Large pericardial effusion (LPE) with cardiac tamponade is a rare but life-threatening complication in adults undergoing hematopoietic stem cell transplantation (HSCT). The incidence and pathophysiology have not been well defined. We retrospectively reviewed 601 patients (?18 years of age) receiving HSCT (262 autologous, 189 siblings, and 150 unrelated donors) in our center from January 2001 to September 2011. We described the incidence, clinical characteristics, treatment, and outcome.
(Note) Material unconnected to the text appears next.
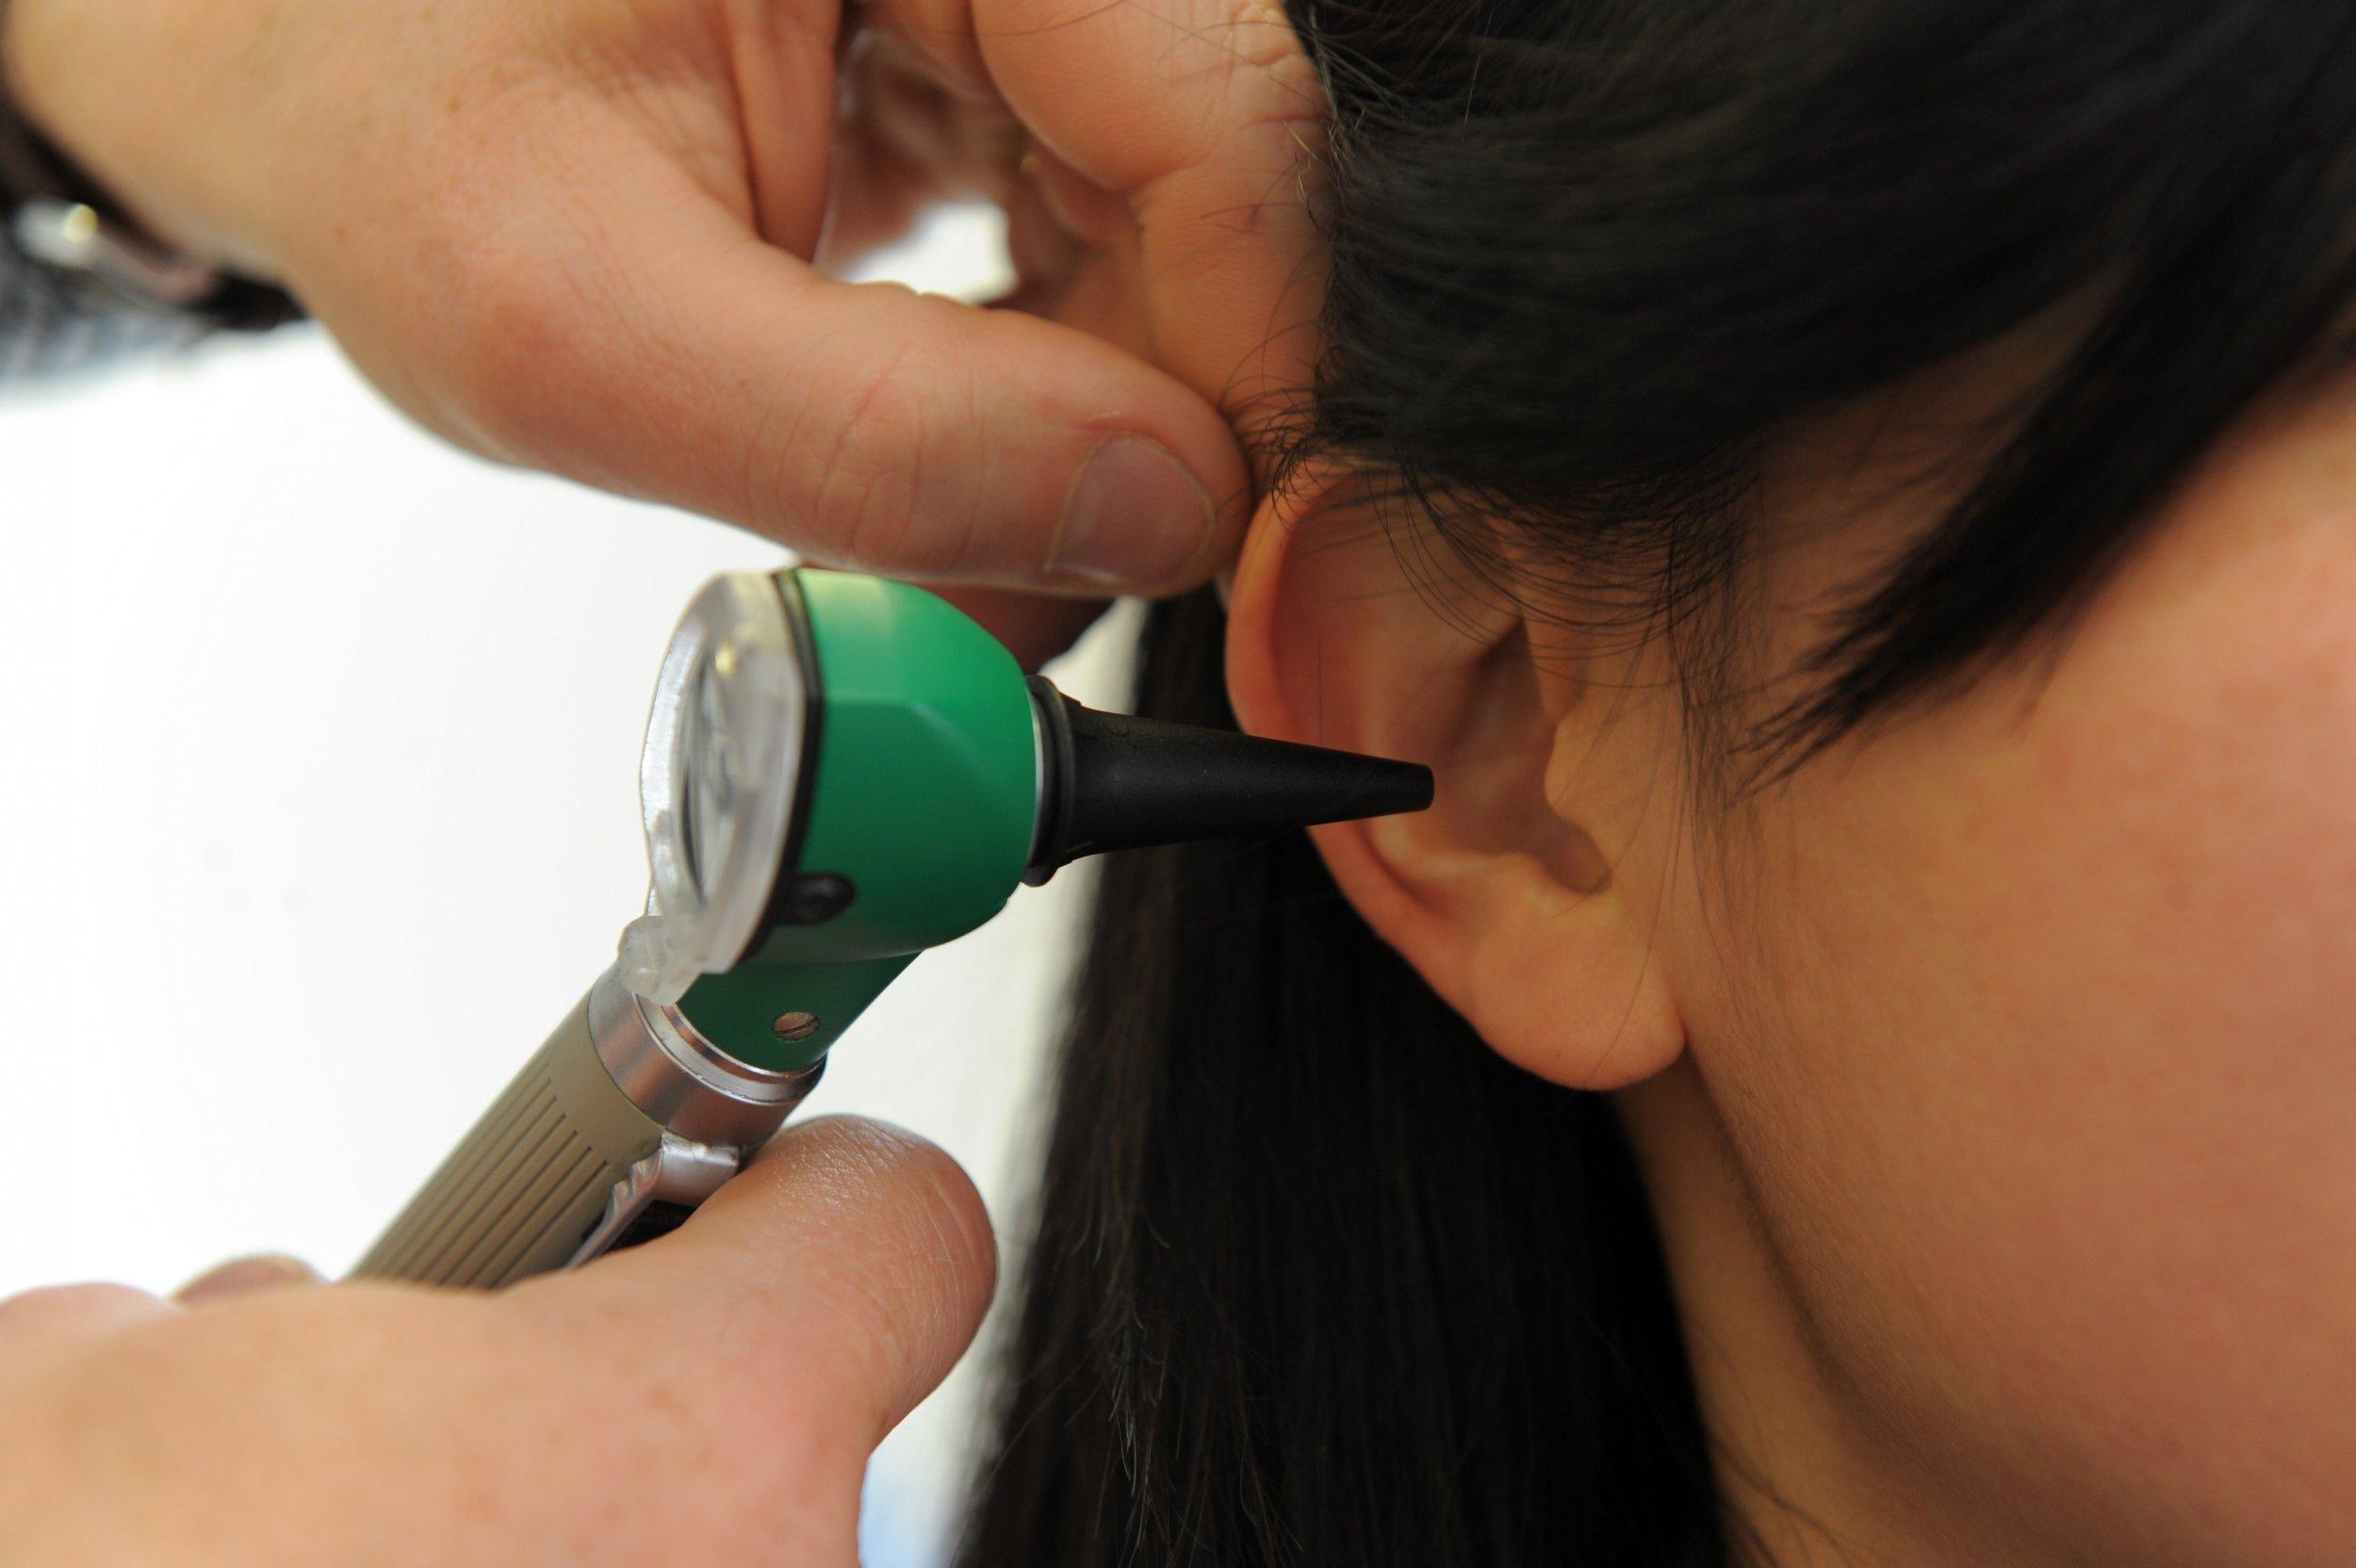 patient's ear

In total, six patients (0.998 %) developed seven episodes (1.16 %) of LPEs with cardiac tamponade. One patient underwent unrelated allografts and the other five patients received sibling allografts. The median day of detecting LPE were 176 in the six patients and 241 in the four late-onset patients (range, 9-369). All patients had normal cardiac function before HSCT. Two patients developed LPE early after conditioning, considered as cardiac toxicity resulting from high-dose cyclophosphamide. Four patients had chronic graft-versus-host disease (GVHD) involving lung, skin and sicca syndrome concomitant with or preceding the development of LPE. All episodes of cardiac tamponade were effectively managed by pericardiocentesis and enhanced immunosuppression. In conclusion, LPE and cardiac tamponade may develop after allogeneic HSCT, either with sibling or matched unrelated donor. The etiology is probably related to chronic GVHD in cases of late onset. Emergent pericardiocentesis and enhanced immunosuppression can effectively control this life-threatening complication.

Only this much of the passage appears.